◆ **DATASET CONTENT**:
* * * *

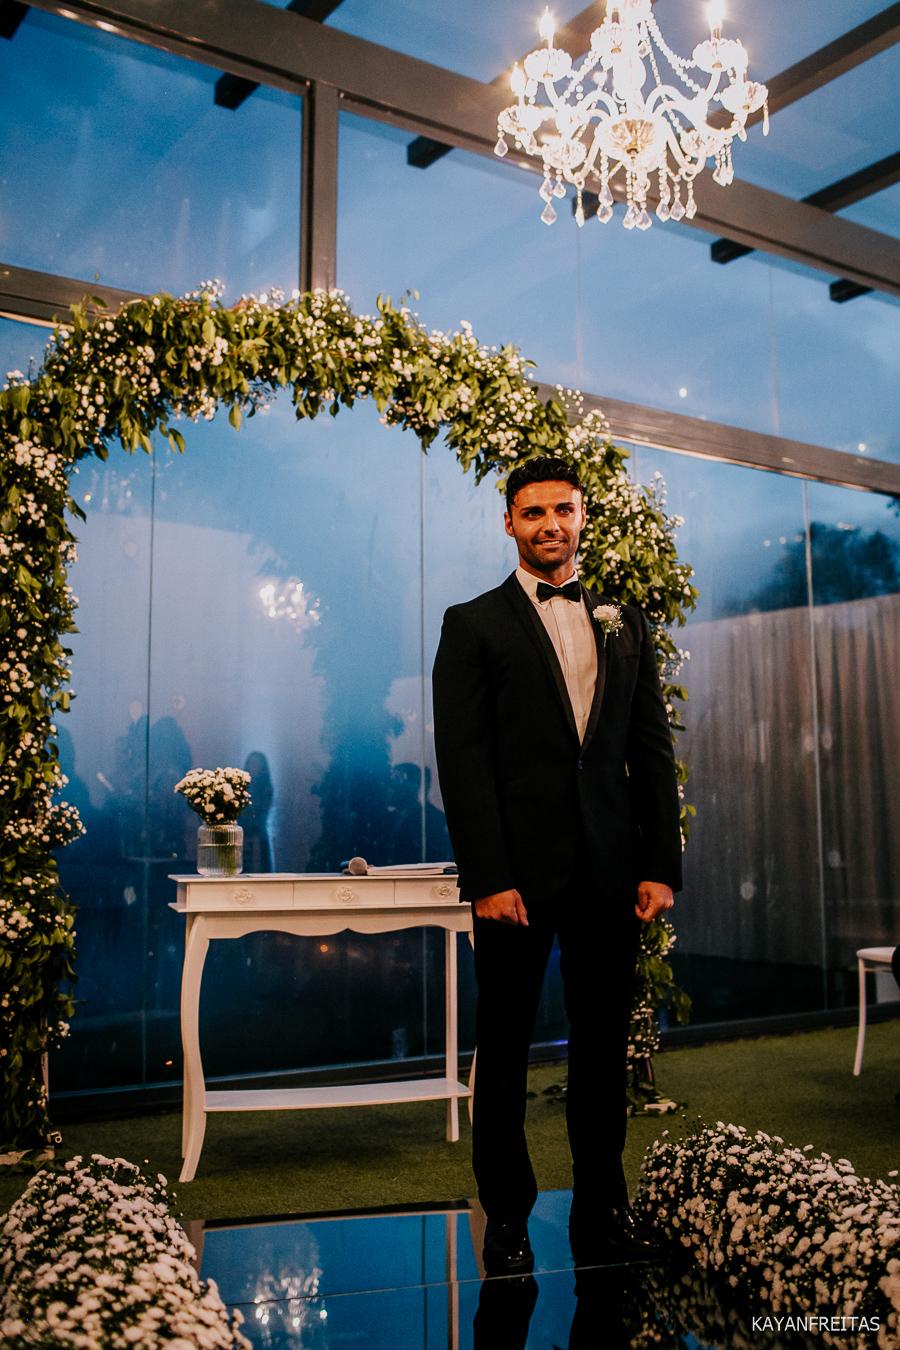 casamento-indaia-floripa-0043 Casamento Indaiá Florianópolis - Deise e Dário
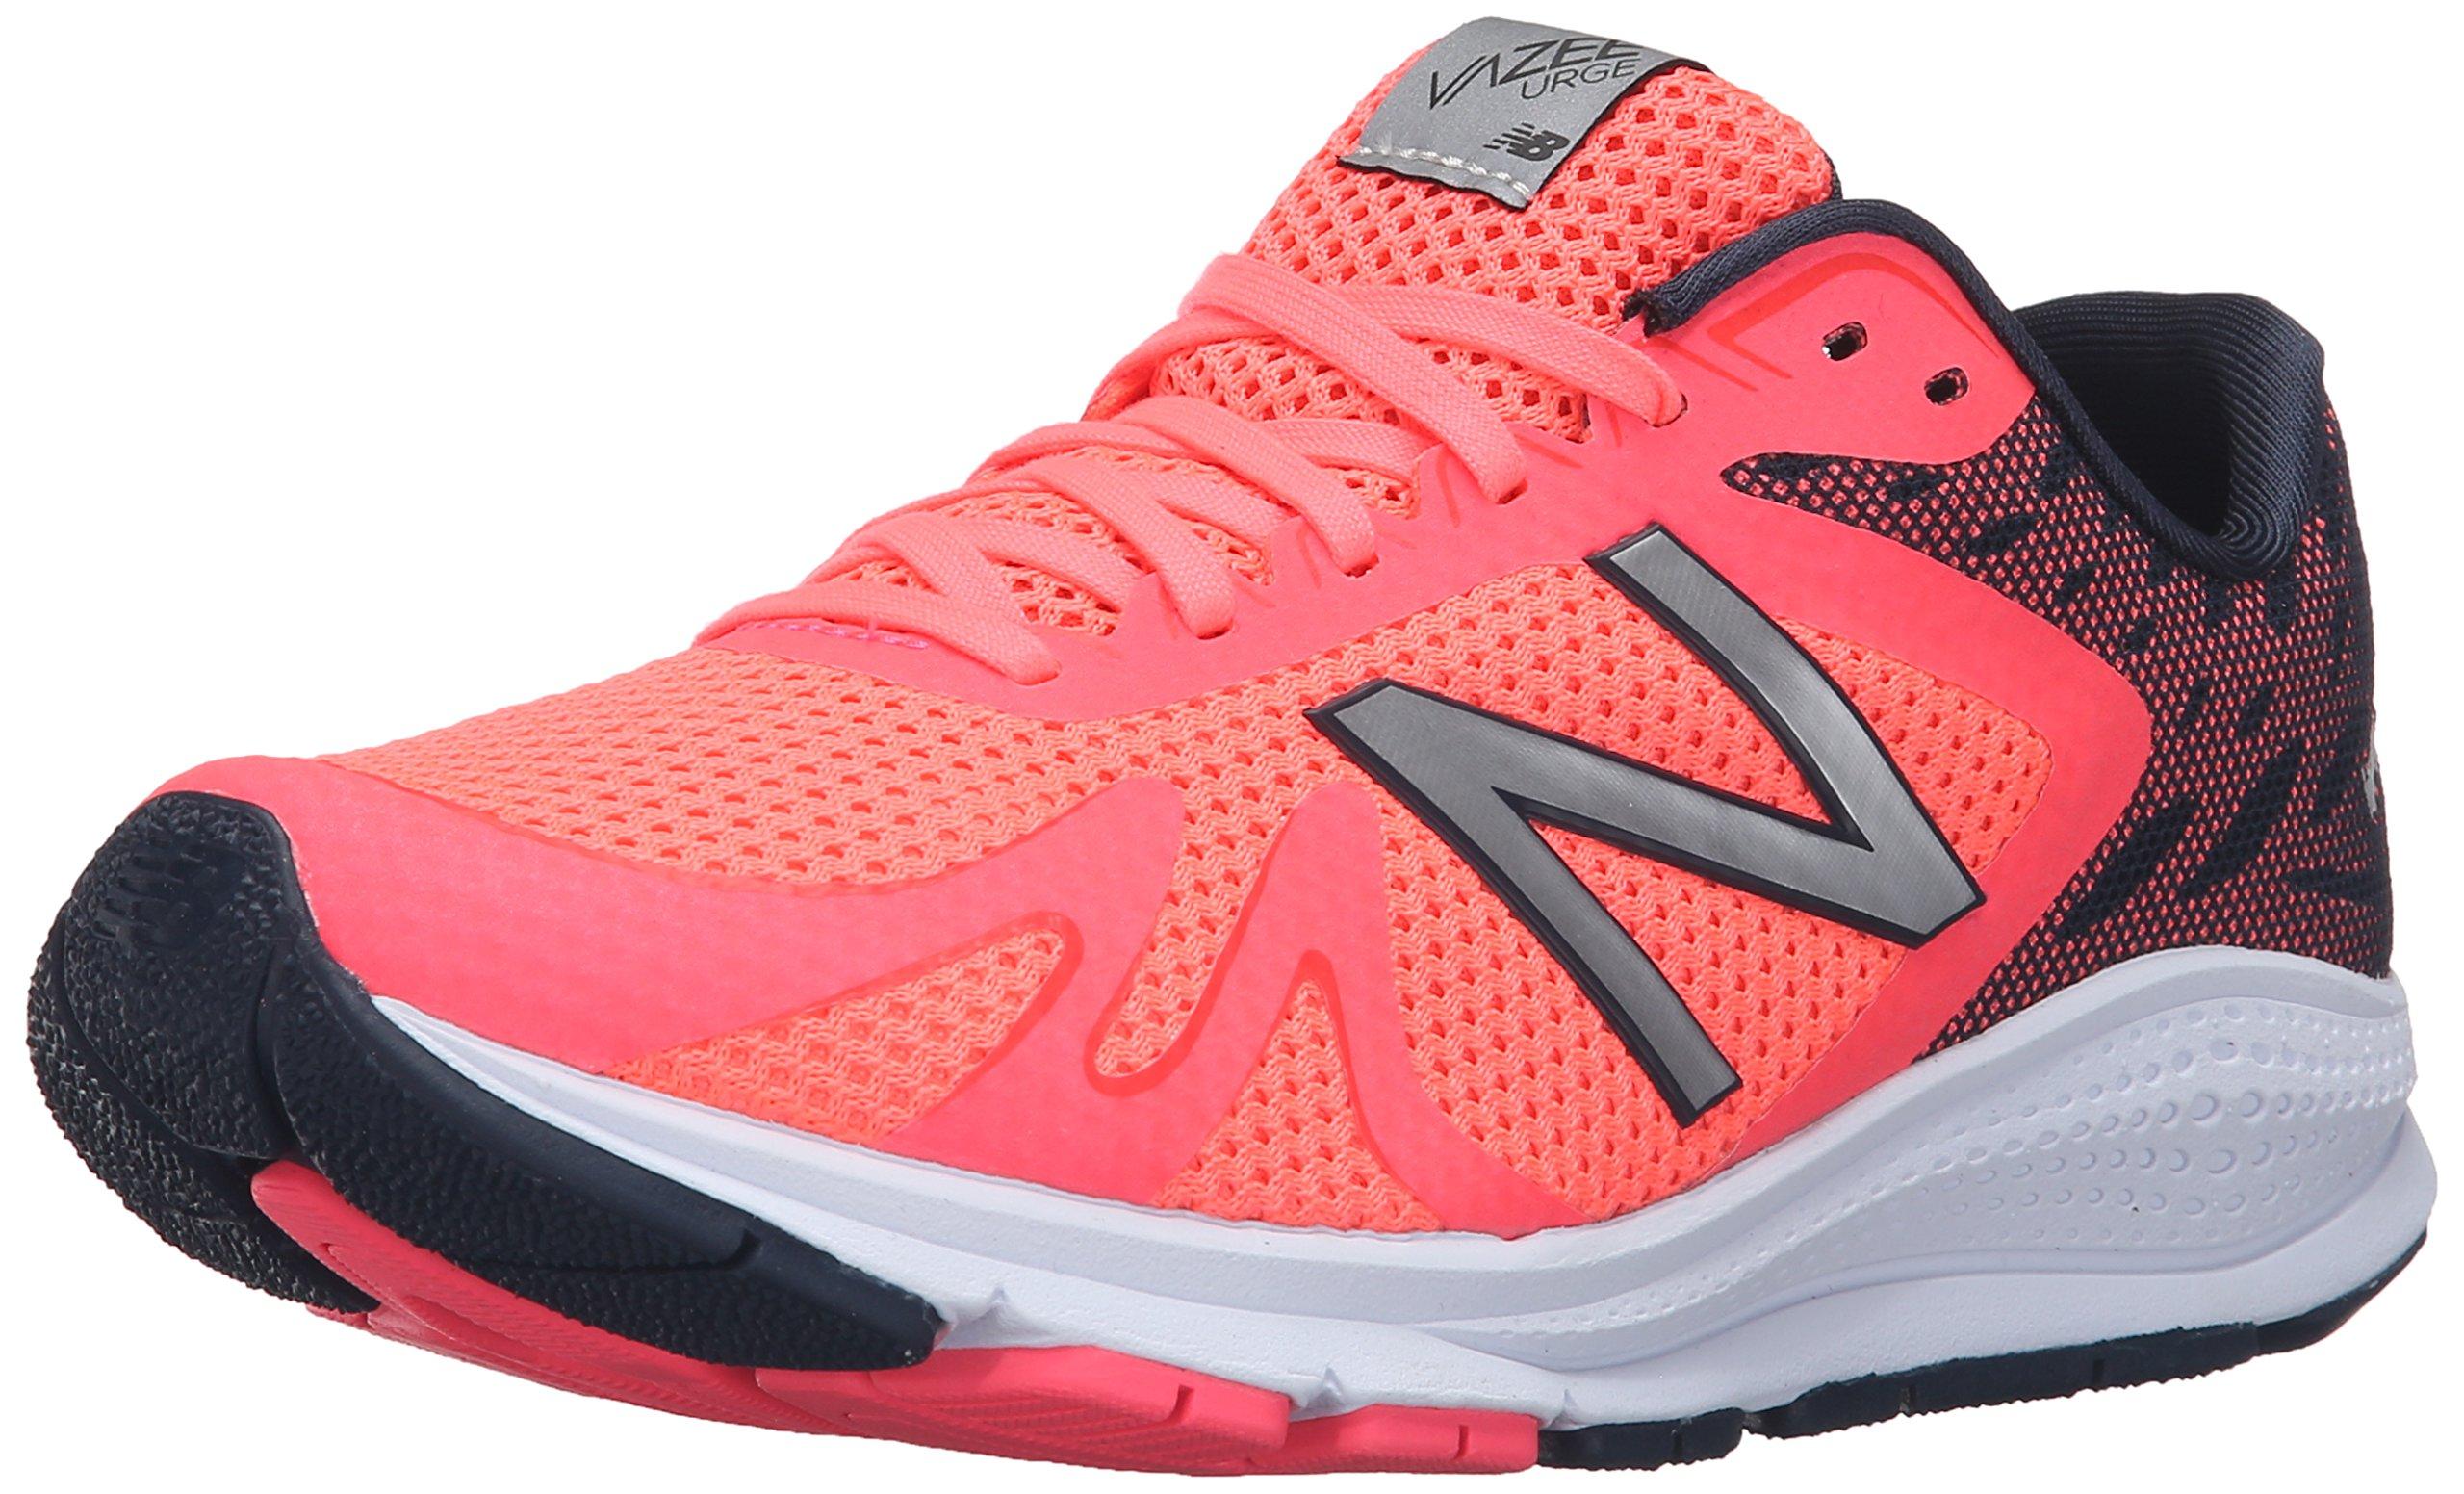 New Balance Women's Vazee Urge Training Running Shoes- Buy Online ...
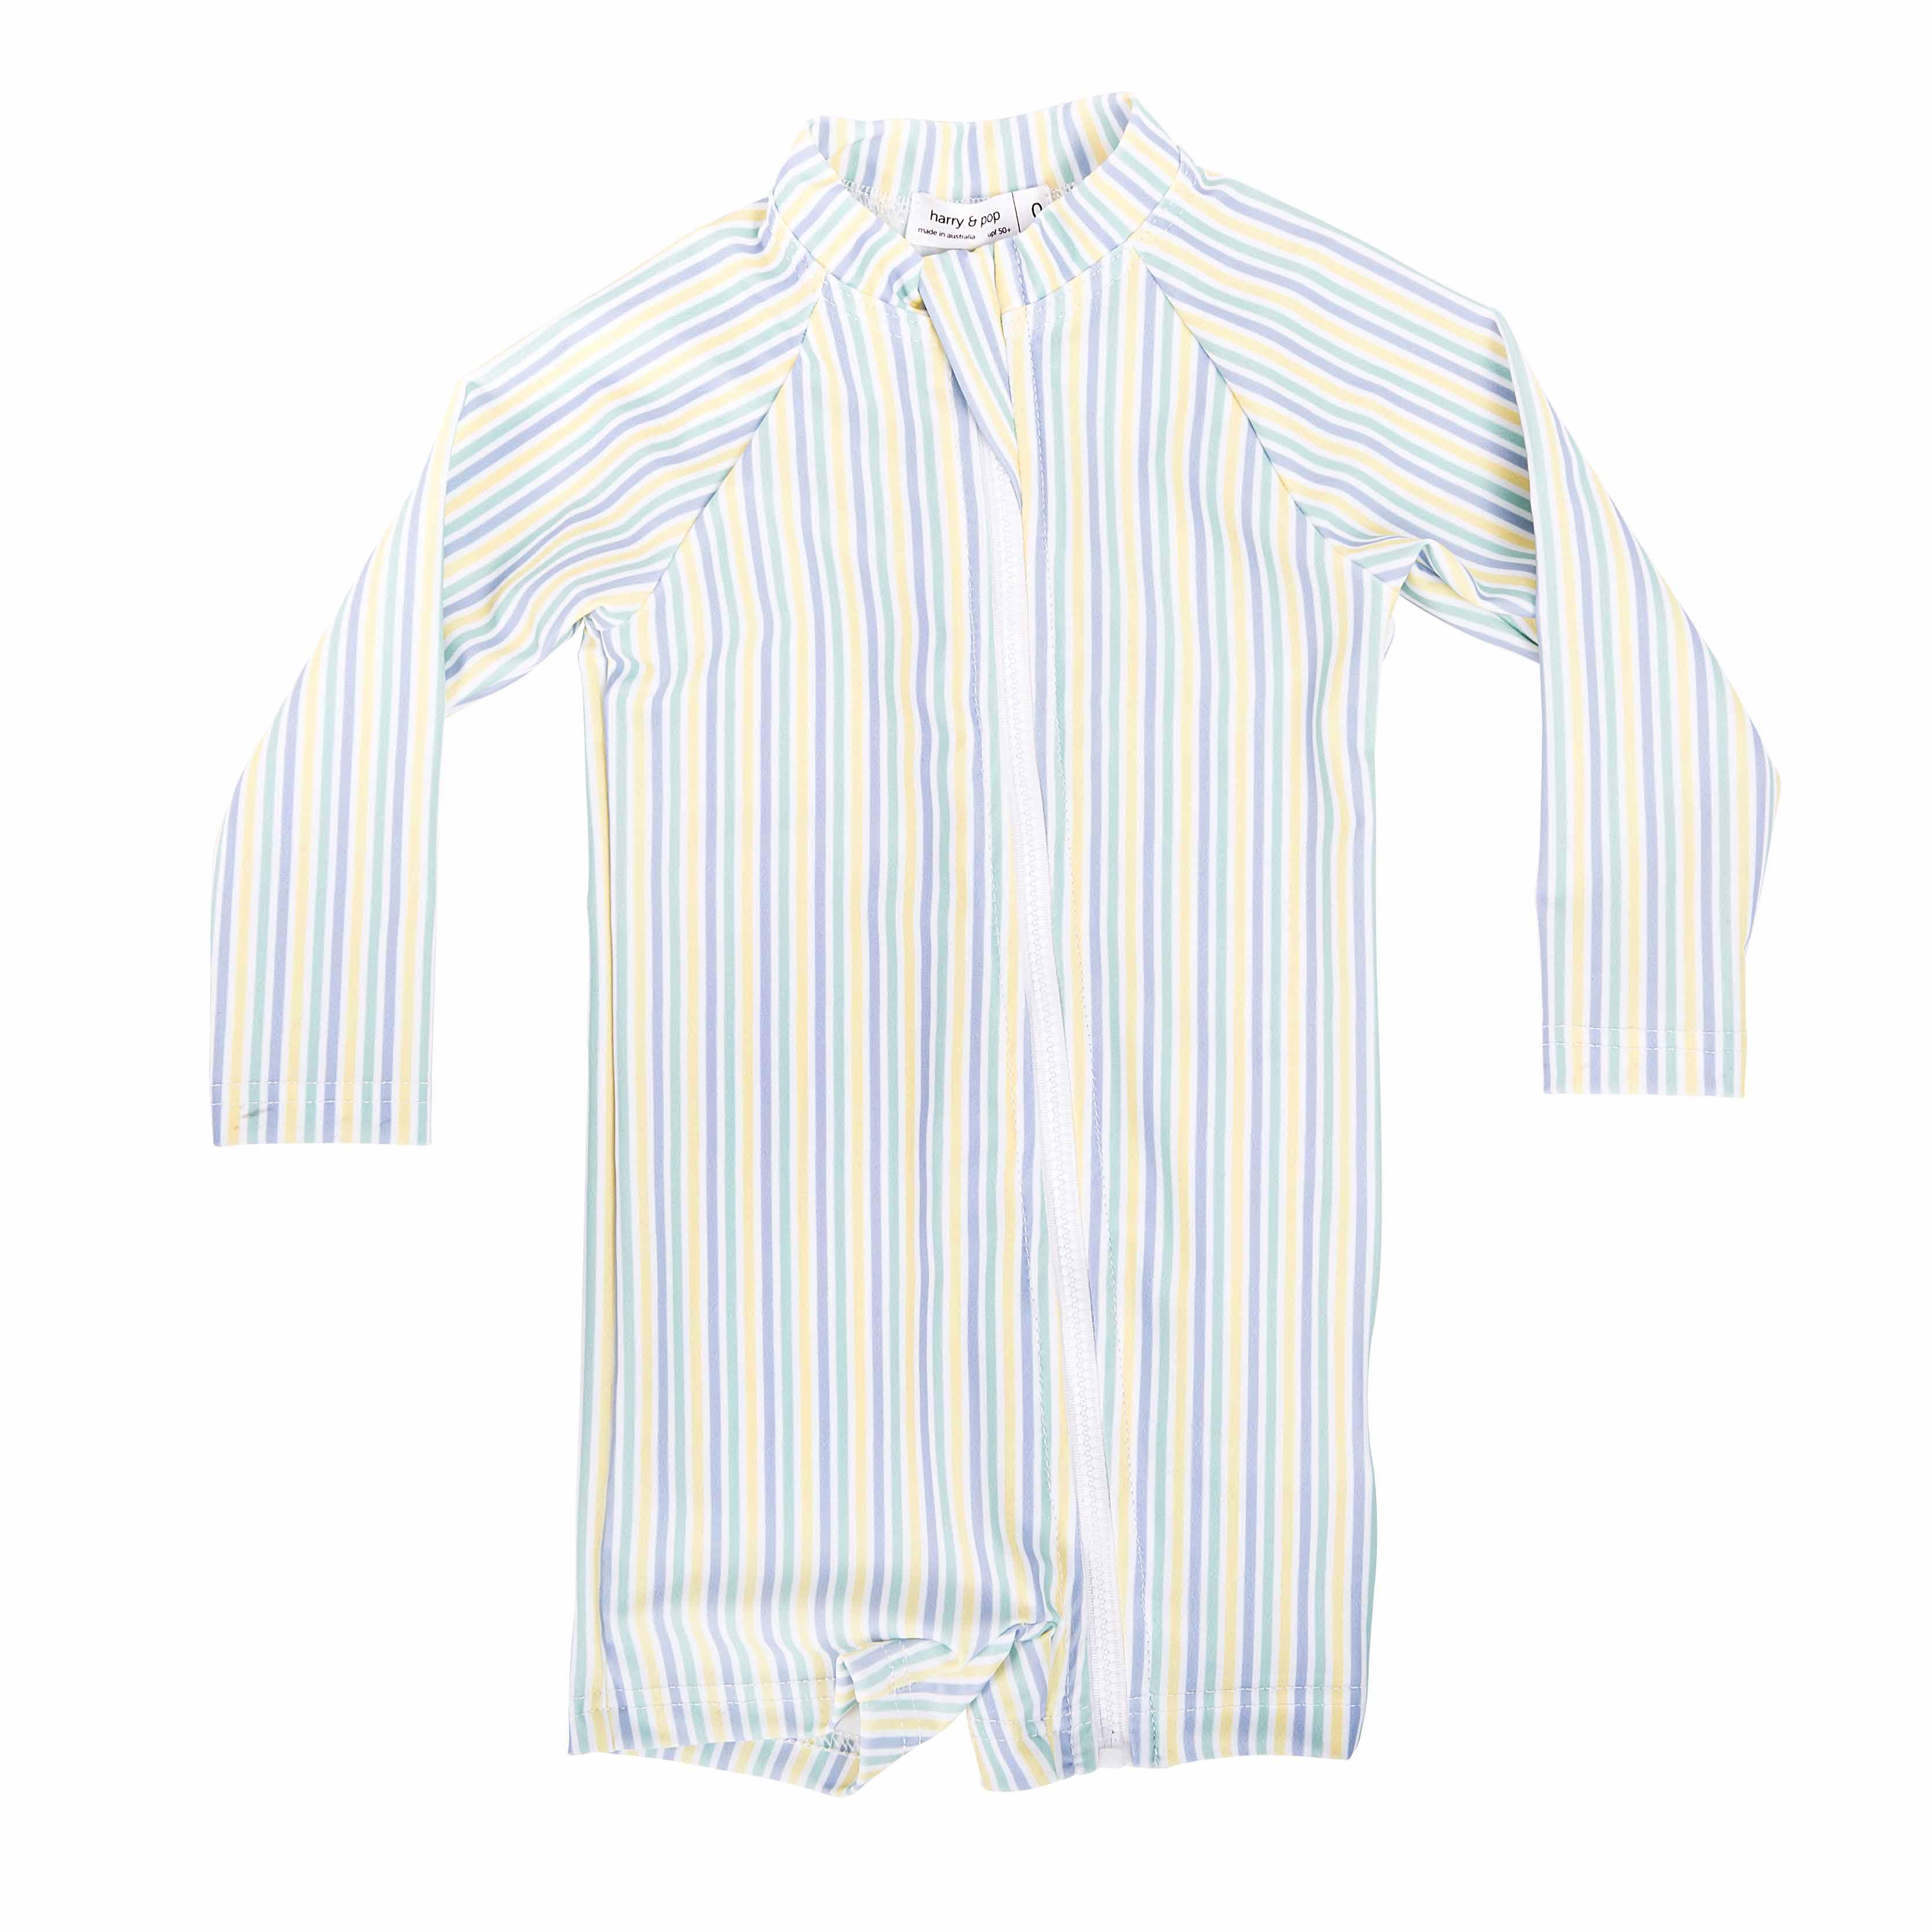 harry & pop Bondi Blue Stripe Sunsuit

* * * *

◆ **ACTIVITY**: Copy the final stretch of lines, starting at the one that holds "New Balance Women's" and ending at the last line of the data, exactly; omit pictures.

◆ **RESULT FOR THIS EXERCISE**:
 New Balance Women's Vazee Urge Training Running Shoes- Buy Online ...
 harry & pop Bondi Blue Stripe Sunsuit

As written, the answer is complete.